2 years ago
Monday, July 16, 2018
An Armorial "Antiques Roadshow" Find
I pretty regularly watch the television series Antiques Roadshow, both the English and the American versions. Partly because of my interest in history, partly because I learn a lot from listening the appraisers, and, yes, a little bit because I hope that someday soon something I own (besides my heraldry books) will be found to be worth lot of money. (The fact that this latter has not yet happened, and realistically, probably never will, has done nothing to dampen my enthusiasm.)
Anyway, we were watching the latest episode of the American version of the series on our local Public Broadcasting Service station, KERA, and one of the items that had been brought in for an appraisal was one that immediately caught my eye: a piece of armorial china. So I whipped out my cell phone (whatever did we do in the olden days when we didn't have telephones in our pockets that would also take pictures?) and took a shot of the screen:
The appraiser spent a fair bit of the few minutes he had on-screen talking about the Chinese export trade and the figures in the white cartouches on the gold circle inside the rim of the plate. (My memory of what he said about them is that on china for use in China, there would be four, or perhaps six, different figures. On this plate, for the European trade, there are only two, which are repeated. This last was apparently something that would never have been done for use in China. The feeling that I got from his description was of a number of Chinese porcelain painters sitting around discussing among themselves that they didn't have to put in more effort than necessary, because the "foreign devils" would buy anything. Hahahahahahaha. But maybe I'm reading too much into a sixty to ninety second appraisal.)
Anyway, my interest, of course, was to see if I could identify the martial arms on the plate. And, sure enough, a quick review of Papworth's Ordinary of British Armorials, Burke's General Armory, and Fairbairn's Crests came up with the following:
The husband's arms (on the dexter, or left for the viewer, side of the shield):
Martin: Azure two bars or in chief a rose between two bugle-horns (no tincture given; on this plate they are argent). (Papworth)

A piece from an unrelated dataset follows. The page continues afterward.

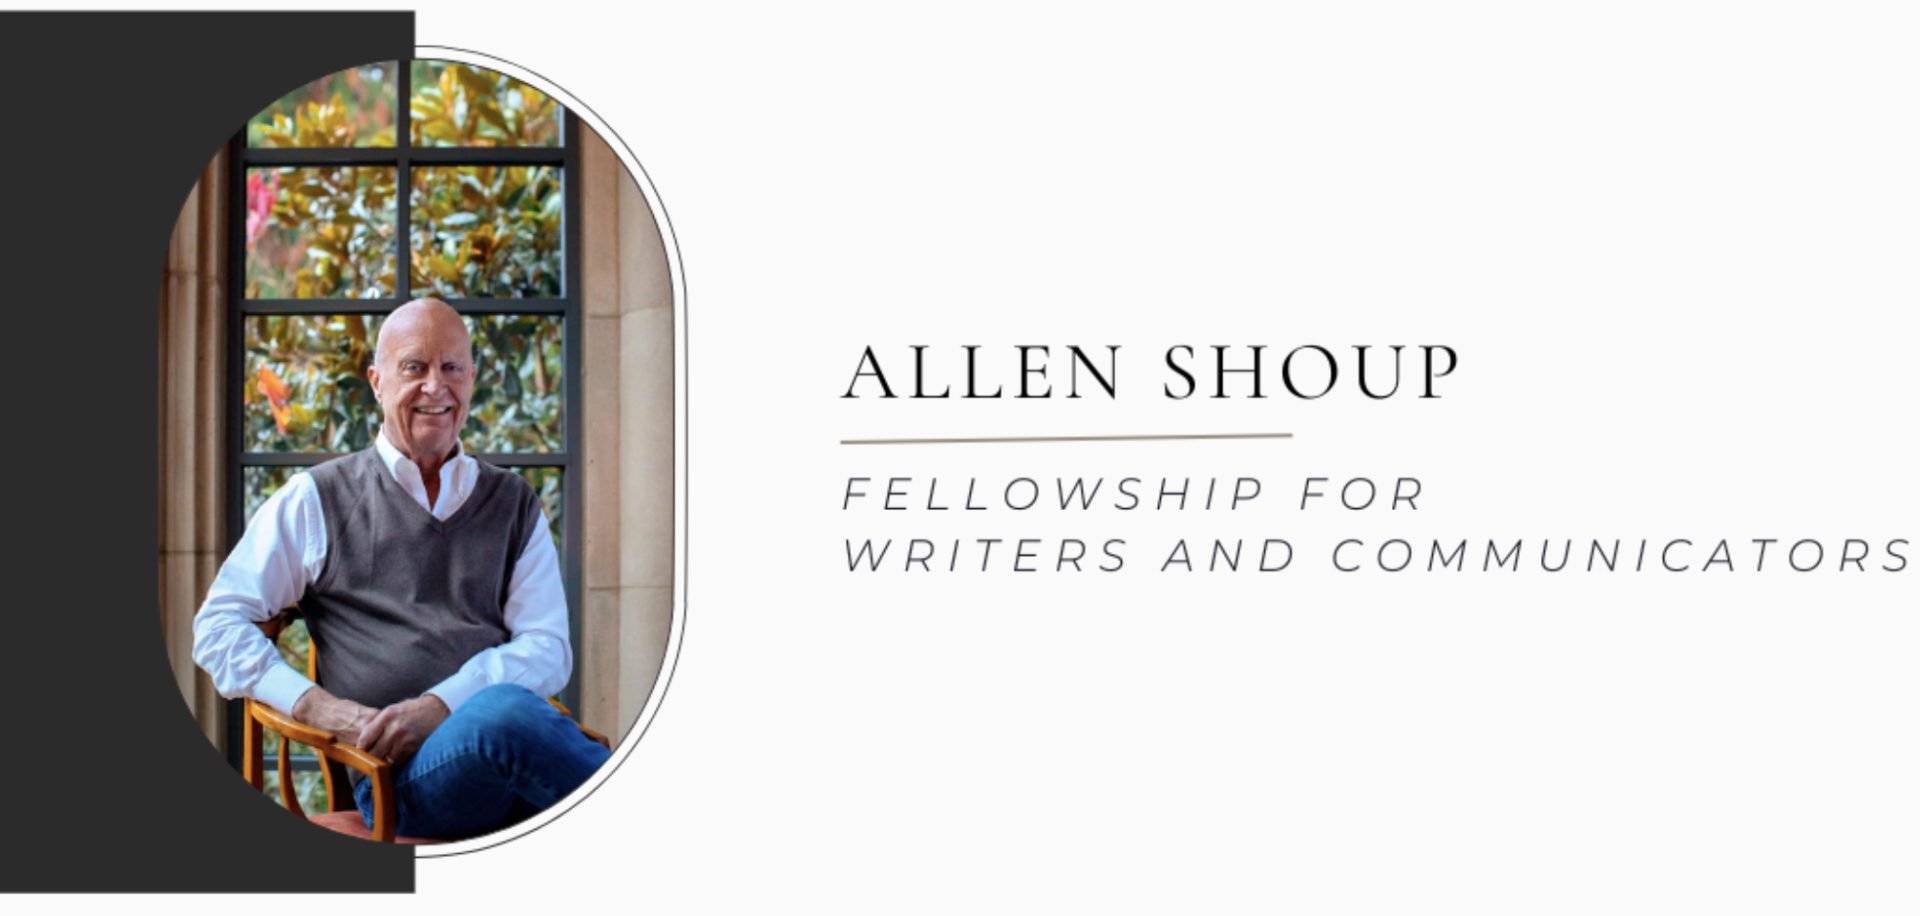 Allen Shoup Memorial Fellowship

Martin: Azure two bars or in chief a rose between two bugle-horns of the first. (Nope, nope, nope. That makes the charges in chief azure on azure, and thus effectively invisible. That cannot be correct.) (Burke)
The wife's arms (on the sinister, or right for the view, side of the shield):
Peck: Or on a chevron gules three crosses patty of the first. (Papworth)
Peck (Samford Hill, co. Essex, and Wood-Pelling and Methwould, co. Norfolk, temp. Charles II.). Or on a chevron gules three crosses formée of the field. Crest – Two lances or in saltire headed argent pennons hanging to them gold each charged with a cross formée gules the spears enfiled with a chaplet vert. (Burke)
The crest, An anchor or surmounted by a bugle-horn sable does not appear in Fairbairn’s Crests.
I have been unable to find which Mr. Martin married which Miss Peck, or when, or where, but it's nice to know that they were able to set their dinner table with a setting of nice chinaware with their marital coat of arms upon it.
And as I have noted many times before, you can find heraldry everywhere, even when you're just sitting of an evening relaxing while watching TV, with no expectation of seeing a coat of arms.